The Cévennes to the south-east are the domain of schist. The headwaters of the Tarn divide them into two major massifs, with granite bedrock outcrops at the summit: Mont Lozère (1,699 m at Finiels) and Mont Aigoual (1,565 m) at the department's southernmost point. In the center, the Bougès mountain is a transition zone between the northern Cévennes, dominated by moorland, and the forested southern Cévennes. On either side, the "serres" mark the landscape with their knife-sharp schist ridges, separated by deep valleys with steep, rugged slopes and thick forests of conifers, beech and chestnut. The three most important are the Vallée Longue, the Vallée Française and the Vallée Borgne, each with its own river. For centuries, this region was the richest in Lozère. As space was limited, men built terraces, raised the soil and created a network of irrigation canals (béals). They planted vines, fruit trees, vegetables and, above all, the "tree of life", the chestnut. The Cévennes landscape retains the traces of this intense humanization, despite the depopulation that has affected it over the last century.

To the south-west, everything changes. During the Secondary Era, the sea advanced over the ancient massif and, for 60 million years, limestone and marl were deposited in alternating layers thousands of meters high. This was the time of the dinosaurs, and you can still see traces of some of these animals near Florac, at Saint-Laurent-de-Trêves. Rivers, which flowed at greater rates than today, cut imposing gorges, sometimes over 500 metres deep, separating the now barren and arid plateaus known as the causses. Human activity is concentrated in a few hamlets or isolated farms, always located near small clay-bottomed depressions, the only places where crops can be grown. The causses may seem arid, but even though it rains on average twice as much as in Paris, there's plenty of water below the surface.

So much water!

Water trickles down, penetrating the ground through cracks in the rock, dissolving the limestone and transporting it to the depths, where it is deposited in the form of calcite gems in underground cavities. Two of these, explored at the end of the last century, have now been developed and are one of the highlights of Lozère tourism: aven Armand, on the Causse Méjean, and grotte de Dargilan on the Causse Noir. Sometimes on the surface, in the dolomite (a rock close to limestone) massifs, strange shapes emerge: animals, pillars, monumental arches, as at Montpellier-le-Vieux, Nîmes-le-Vieux or Les Arcs-de-Saint-Pierre.

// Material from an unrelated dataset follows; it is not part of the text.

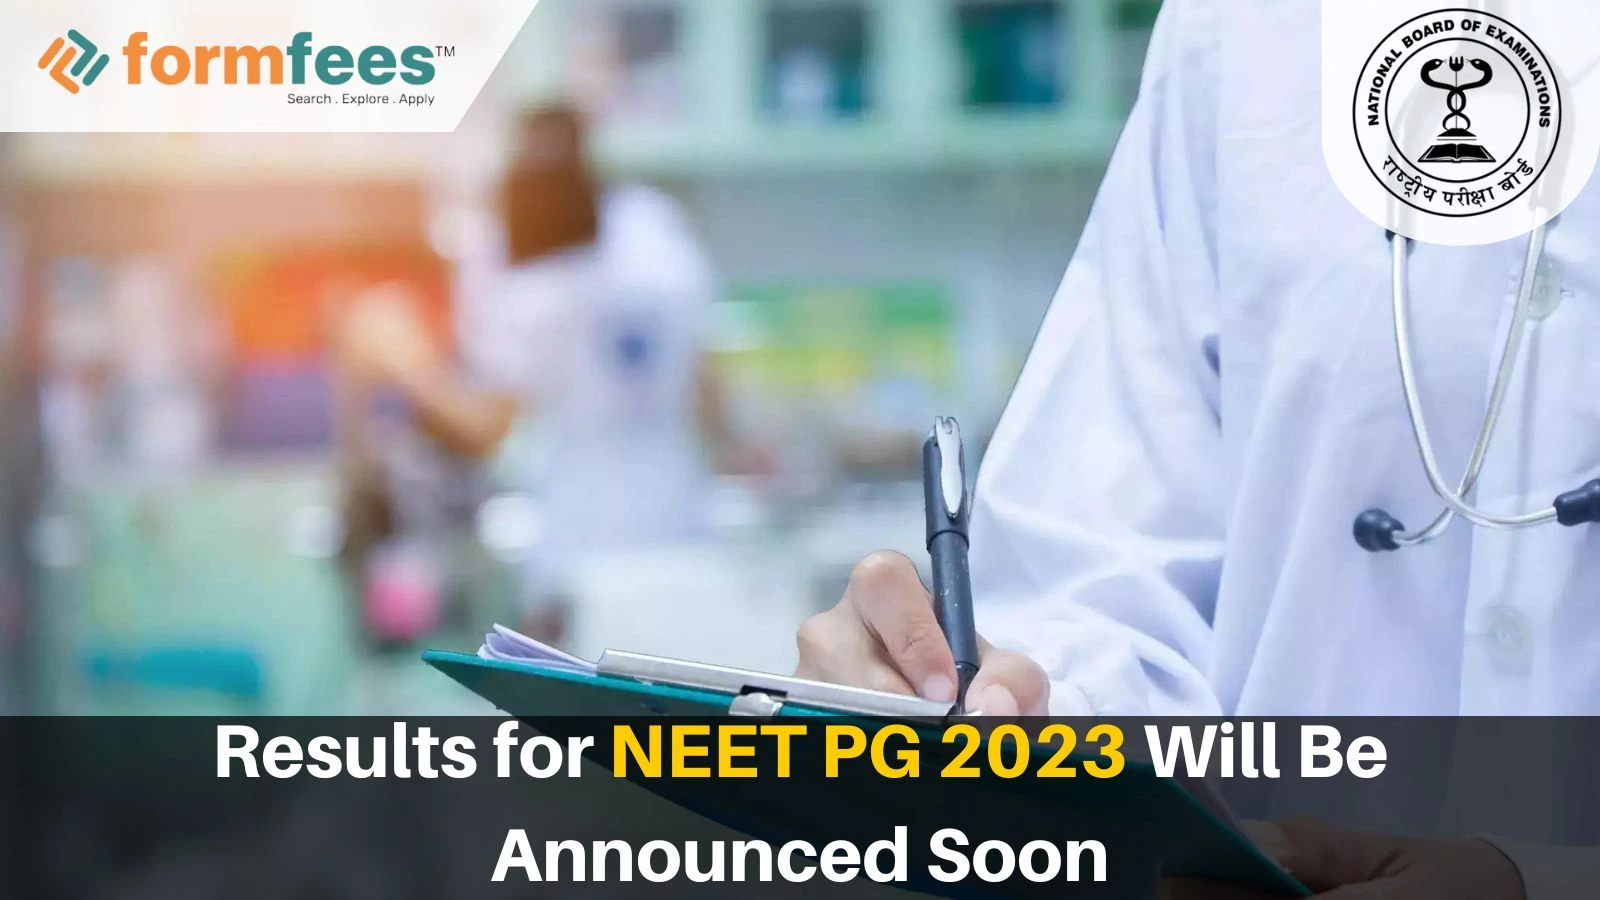 Results for NEET PG 2023 Will Be Announced Soon

With its thousands of springs and streams winding through the meadows, Lozère is in a way France's water tower; and it proves it by supplying three basins: that of the Loire via the Allier, that of the Rhône via the Luech and the Gardons, and that of the Garonne via the Truyère, the Lot and the Tarn. Let's bet there are a few brooklets on the Aigoual that flow directly towards the Hérault and the Mediterranean. But we can't talk about Lozère's rivers without mentioning the Tarn and its famous gorges, which are entirely Lozère, despite those who, a few years ago in the neighbouring region, wanted to make them their own... From Ispagnac to Le Rozier, over a distance of 50 km, they are one of France's natural wonders. The average depth varies from 400 to 500 m, and at the cirque des Baumes the distance between the causses is reduced to 1,000 m. Thanks to their sinuous course and the variety of their walls, sometimes rocky, sometimes covered with vegetation, their appearance is constantly changing, alternating dark corridors and amphitheaters that shine with a thousand lights.